GravityLLM / README.md
lzanardos9's picture
Update README.md
38a81d4 verified
---
language:
- en
license: apache-2.0
library_name: transformers
pipeline_tag: text-generation
base_model: Qwen/Qwen2.5-1.5B-Instruct
tags:
- gravityllm
- spatial-audio
- immersive-audio
- spatial9
- iamf
- instruction-tuning
- json
- lora
- qlora
- peft
- transformers
widget:
- text: |-
INPUT:
{
"target_format": "iamf",
"max_objects": 10,
"style": "club",
"section": "drop",
"global": {"bpm": 128, "energy": 0.92},
"stems": [
{"id": "v1", "class": "lead_vocal", "lufs": -16.8, "transient": 0.25, "band_energy": {"low": 0.1, "mid": 0.6, "high": 0.3}, "leadness": 0.95},
{"id": "k1", "class": "kick", "lufs": -10.5, "transient": 0.95, "band_energy": {"low": 0.8, "mid": 0.15, "high": 0.05}, "leadness": 0.25}
],
"rules": [
{"type": "anchor", "track_class": "lead_vocal", "az_deg": 0, "el_deg": 10, "dist_m": 1.6},
{"type": "mono_low_end", "hz_below": 120}
]
}
---
![GravityLLM banner](assets/heads9.png)
# GravityLLM
GravityLLM is a compact instruction-tuned model for **constraint-conditioned spatial scene generation**.

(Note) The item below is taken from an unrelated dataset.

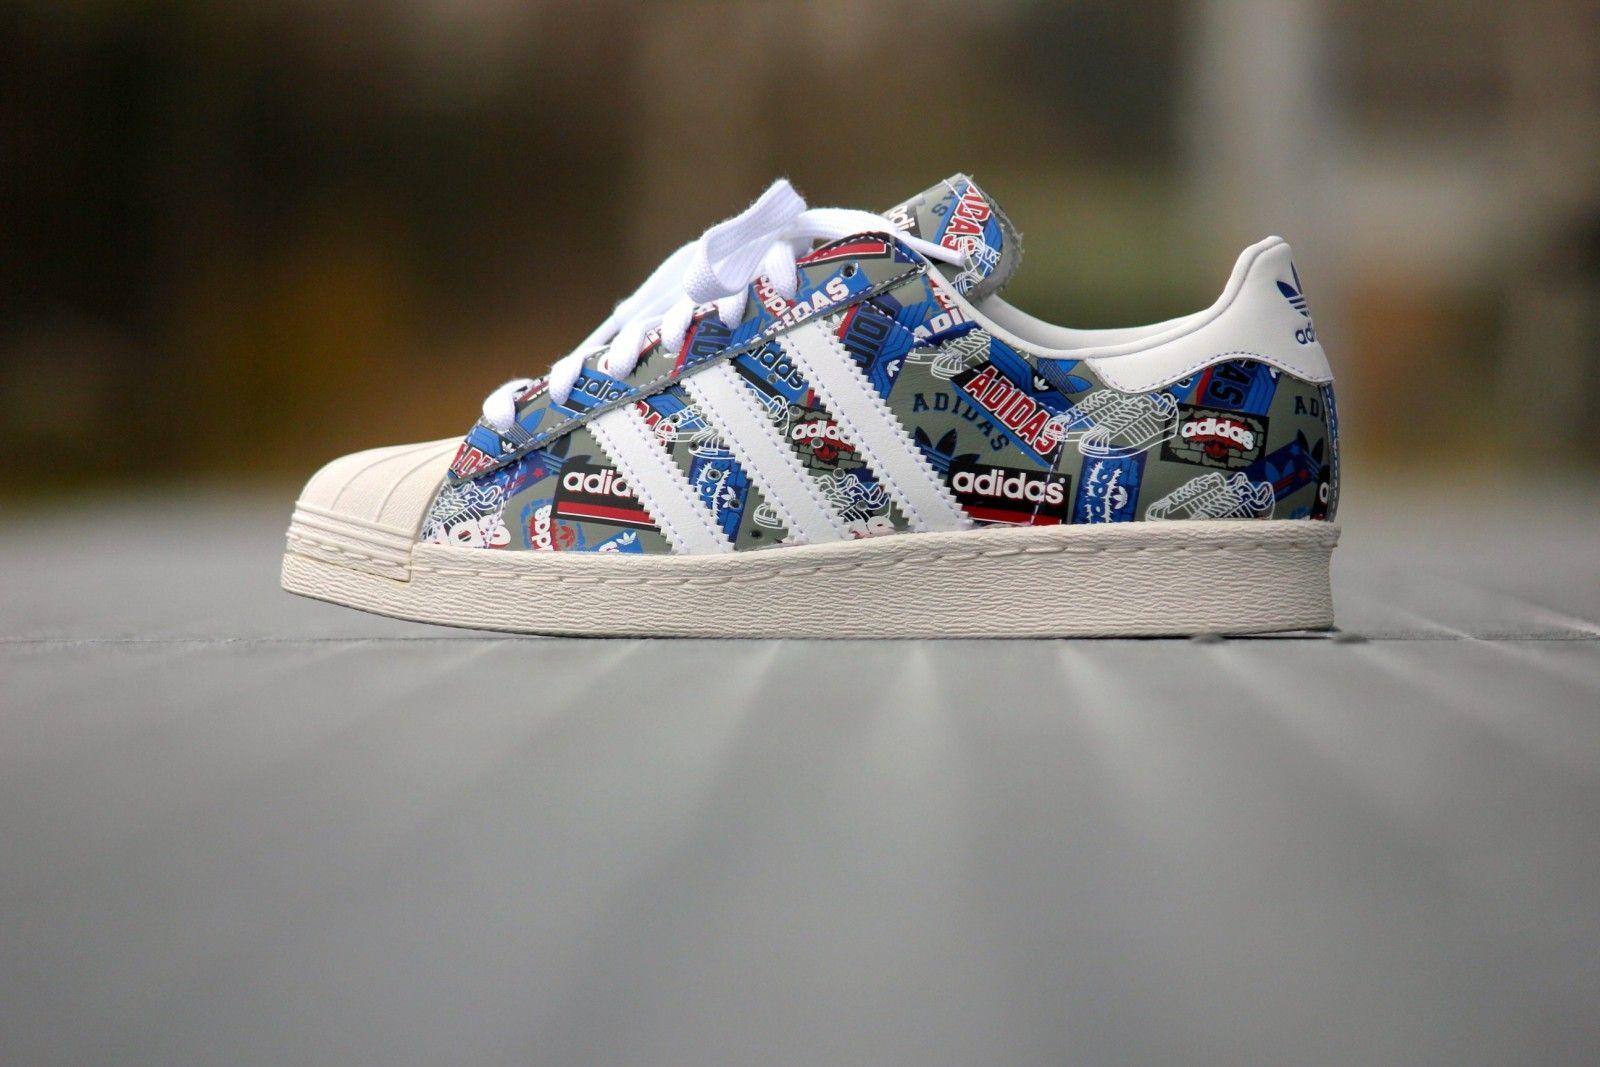 Adidas Superstar 80's B35768 Pioneer Pack by Nigo B35768 80's | Superstars 2b8830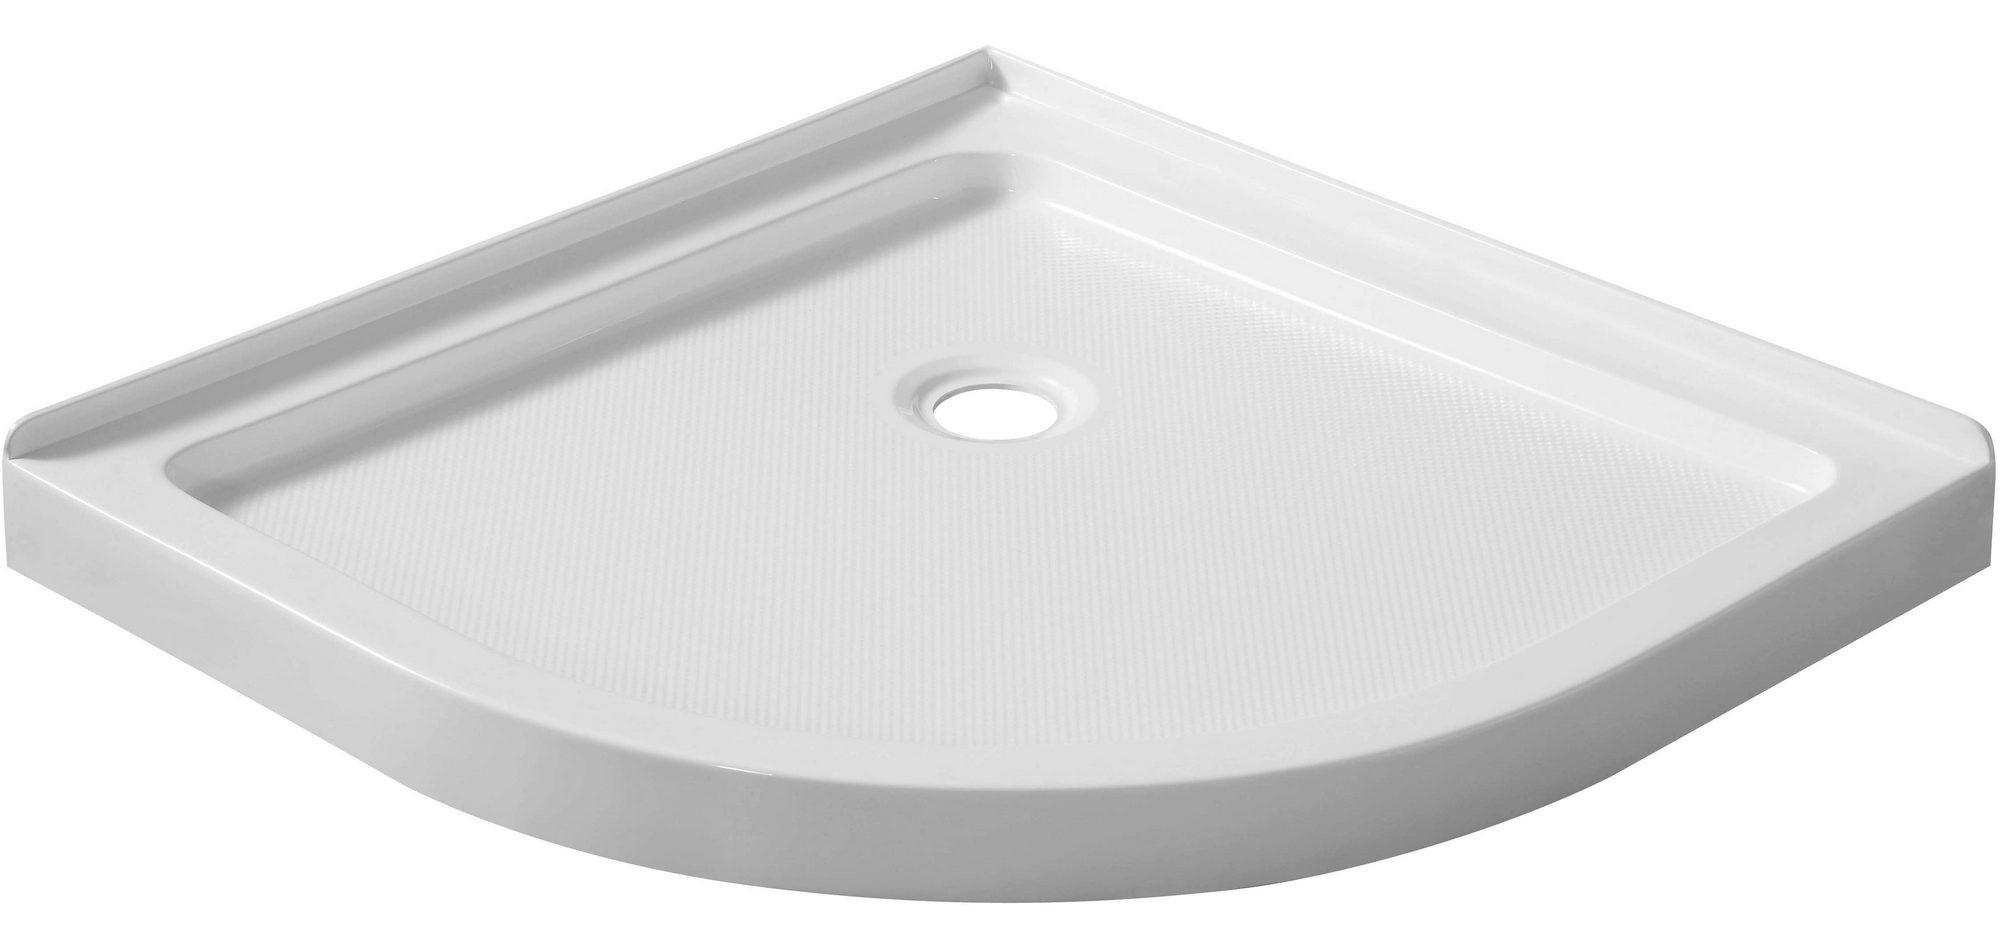 "ANZZI SB-AZ005WN Pillar Series 36x36"" Double Threshold Shower Base in White"

It turns **music constraints + stem descriptors** into strict **Spatial9Scene JSON** for immersive audio pipelines such as IAMF, binaural, and bed-plus-object rendering workflows.
> **Status**
> This repository is **training-ready and Hub-ready**.
> This includes code, schema, sample data, evaluation, and upload helpers.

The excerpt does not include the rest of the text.